**ENTRIES PROVIDED**
-=-=-=-=-
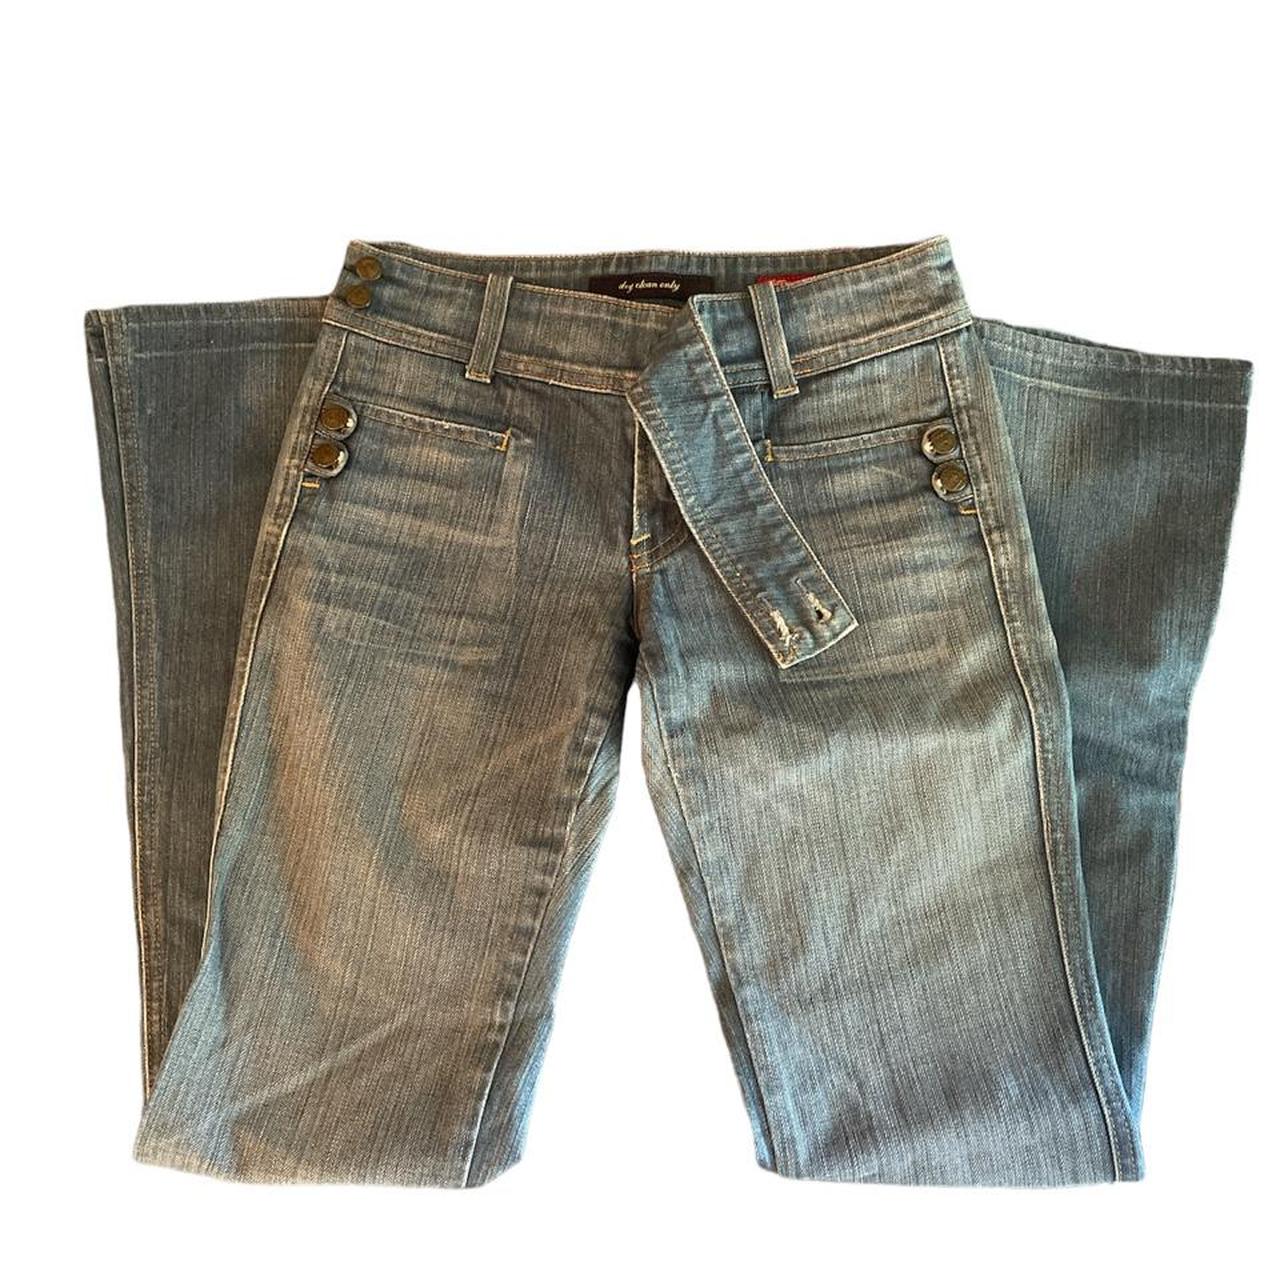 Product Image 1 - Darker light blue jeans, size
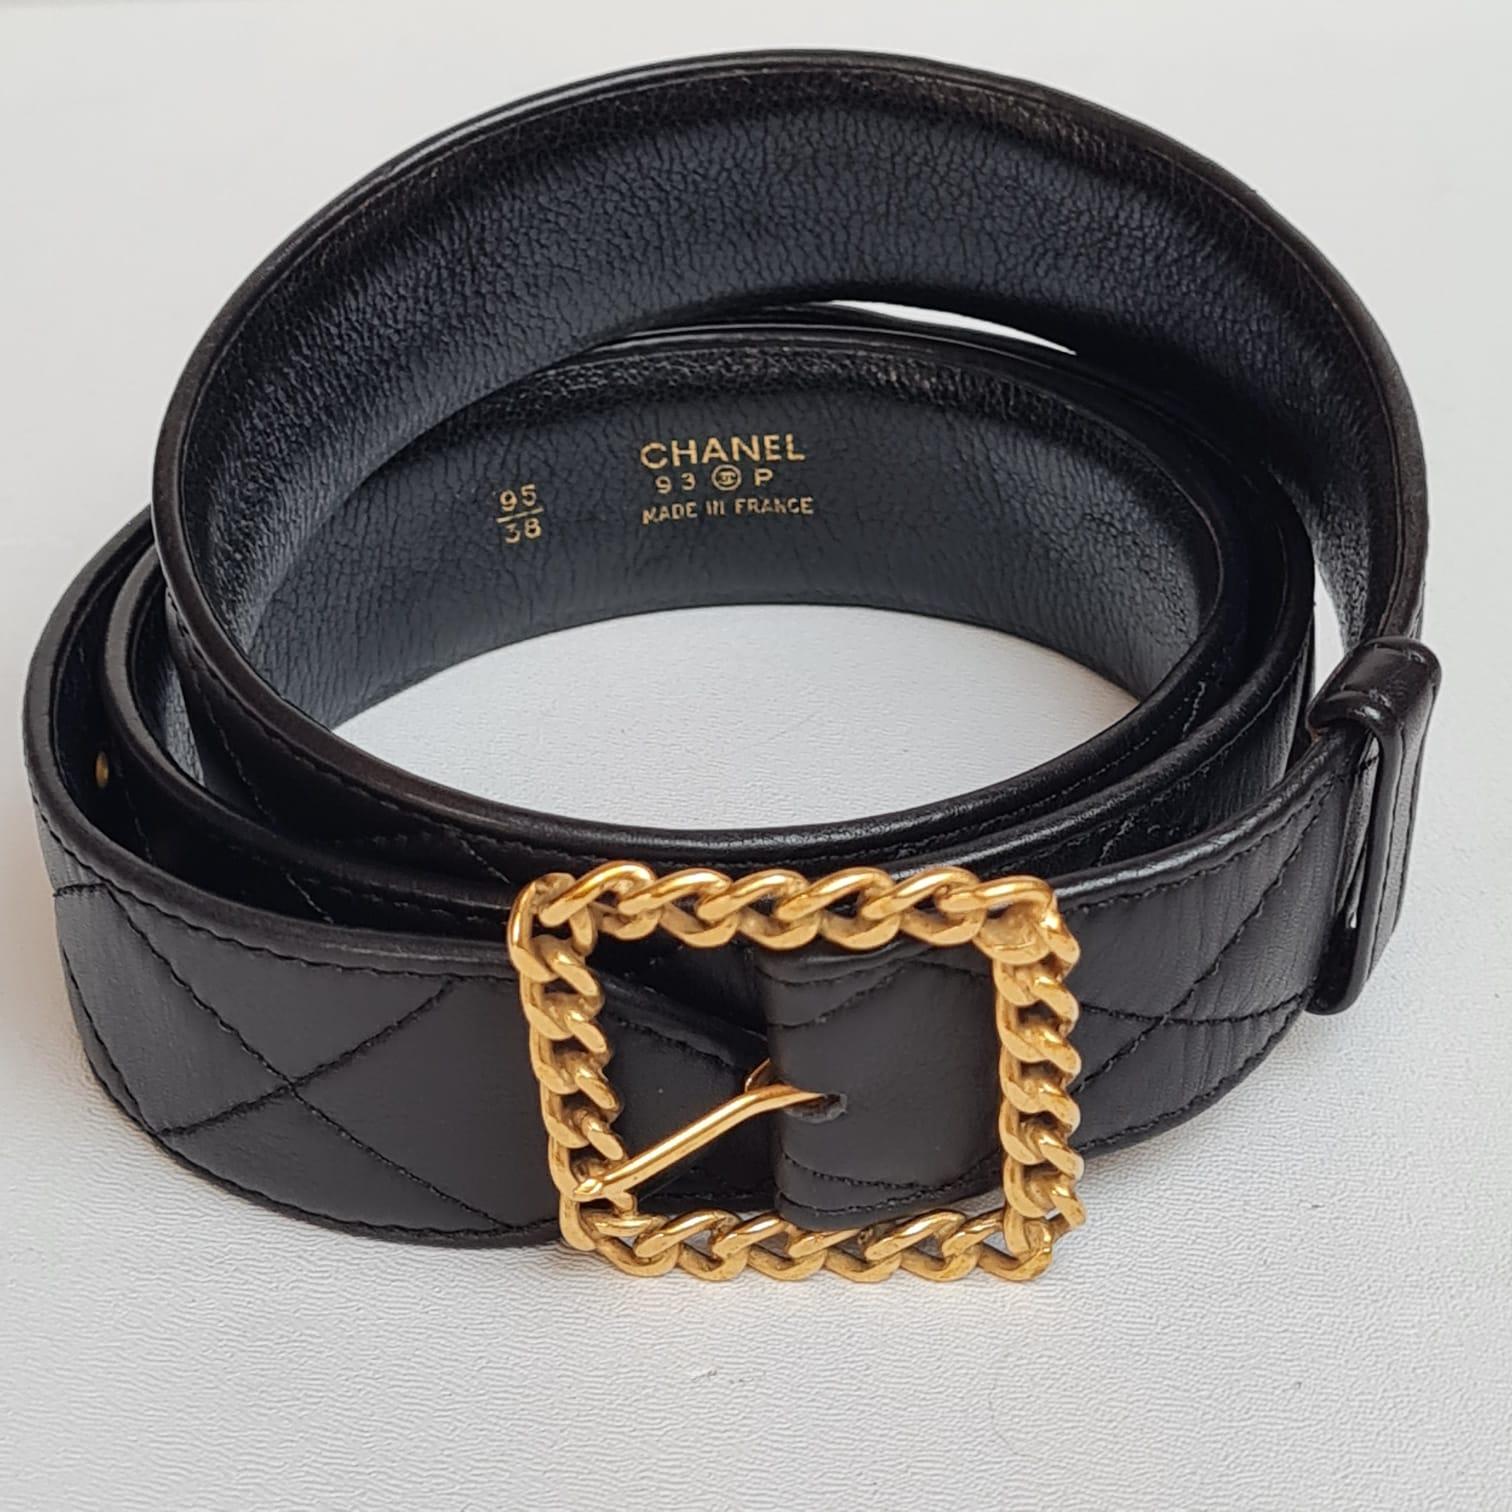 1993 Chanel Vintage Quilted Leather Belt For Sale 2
-=-=-=-=-
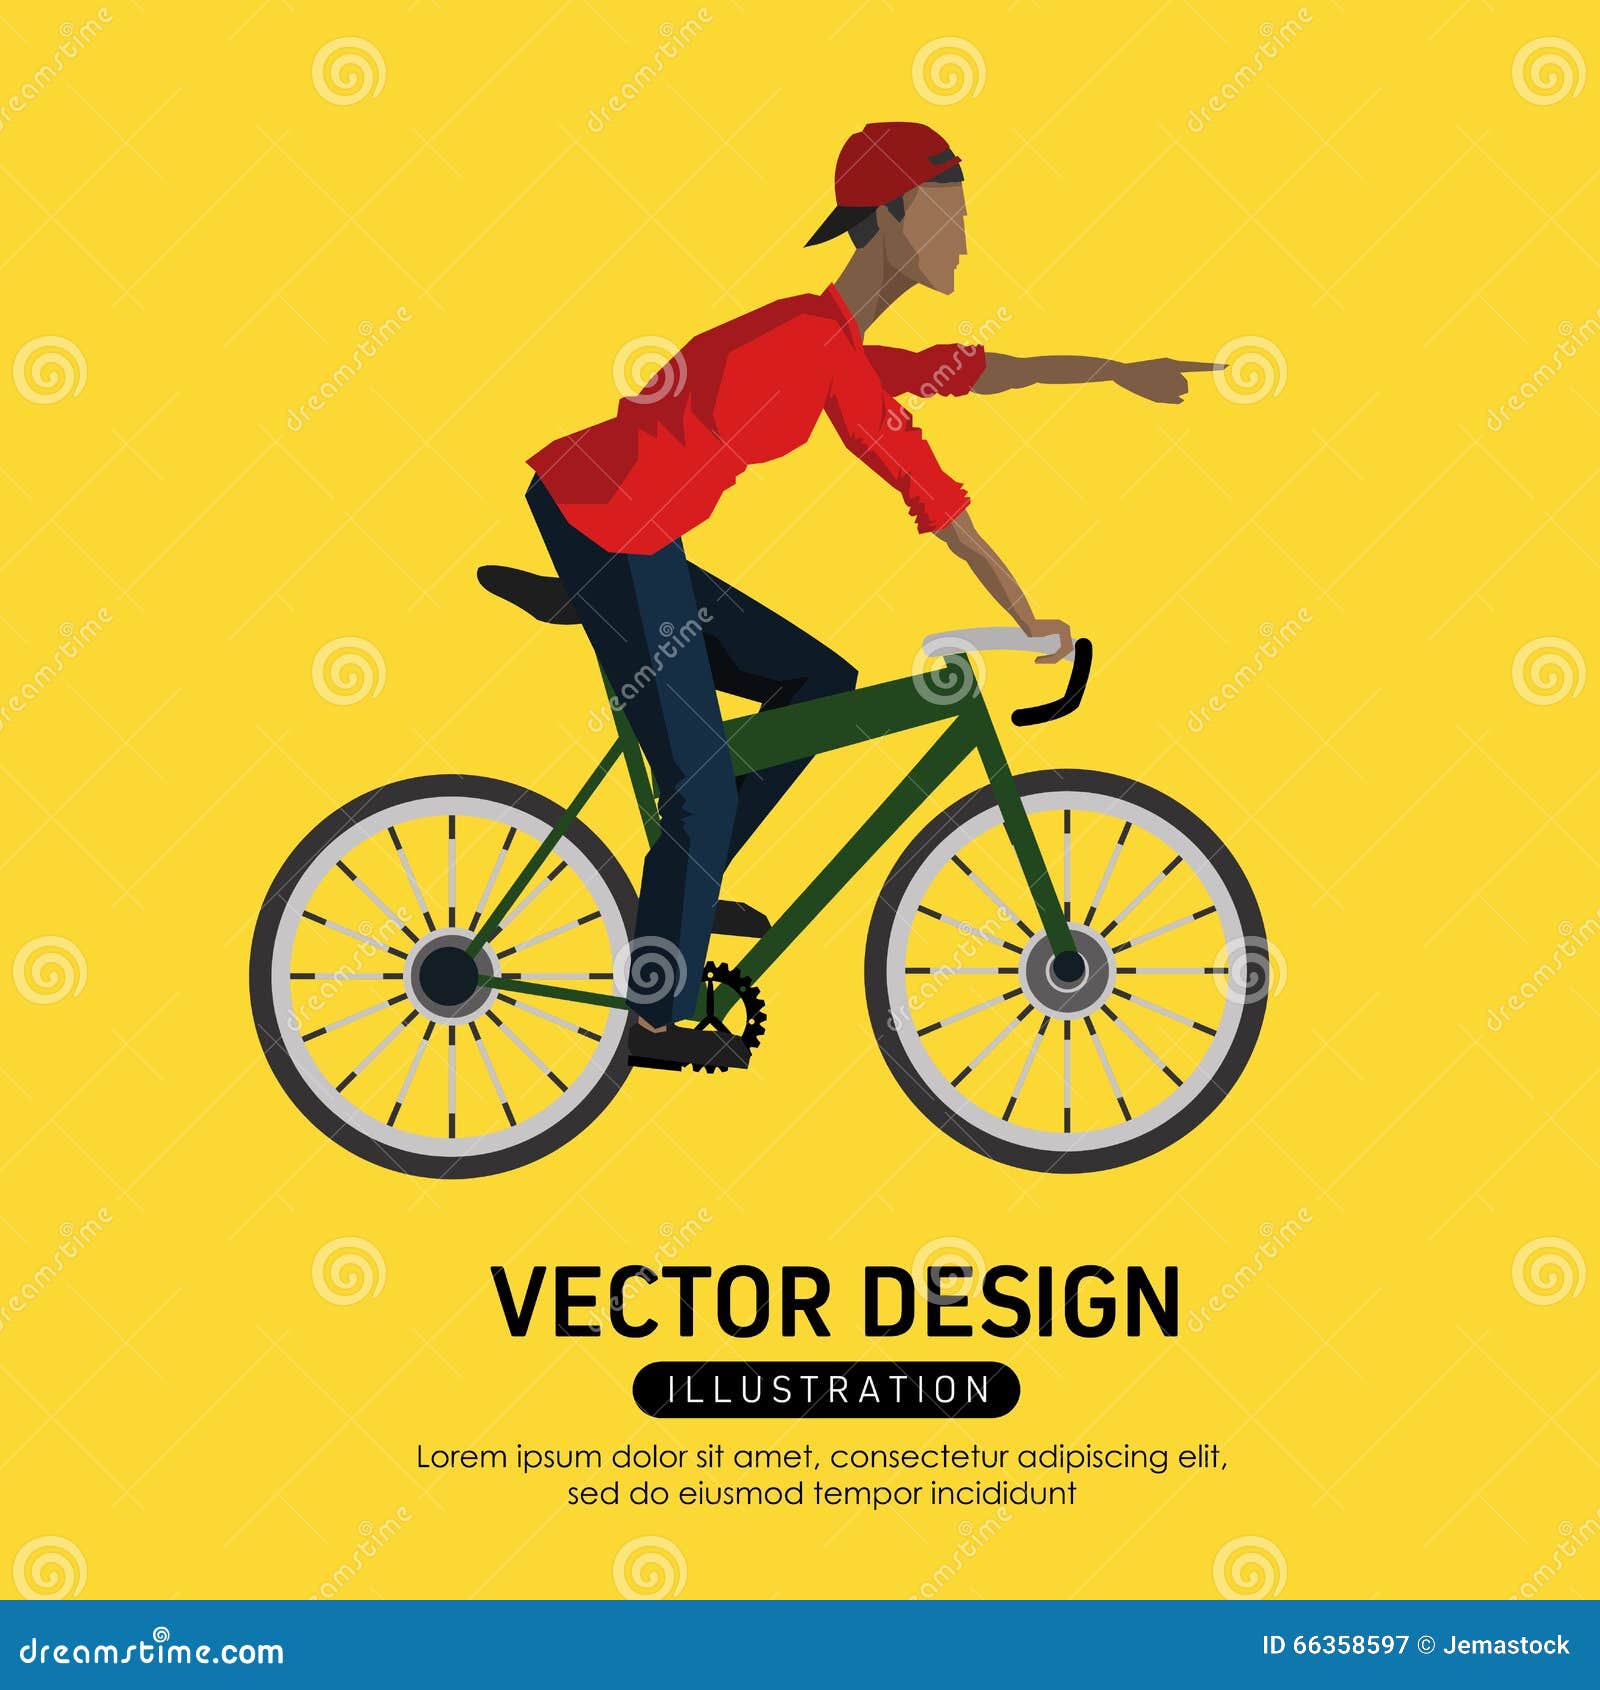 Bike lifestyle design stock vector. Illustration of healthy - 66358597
-=-=-=-=-
**EXERCISE GOAL**
Among the entries above, take the lines from the one with "Product Image 1" through the one with "1993 Chanel Vintage" and retype them exactly, leaving out the pictures.

**REPLY**
 Product Image 1 - Darker light blue jeans, size
 1993 Chanel Vintage Quilted Leather Belt For Sale 2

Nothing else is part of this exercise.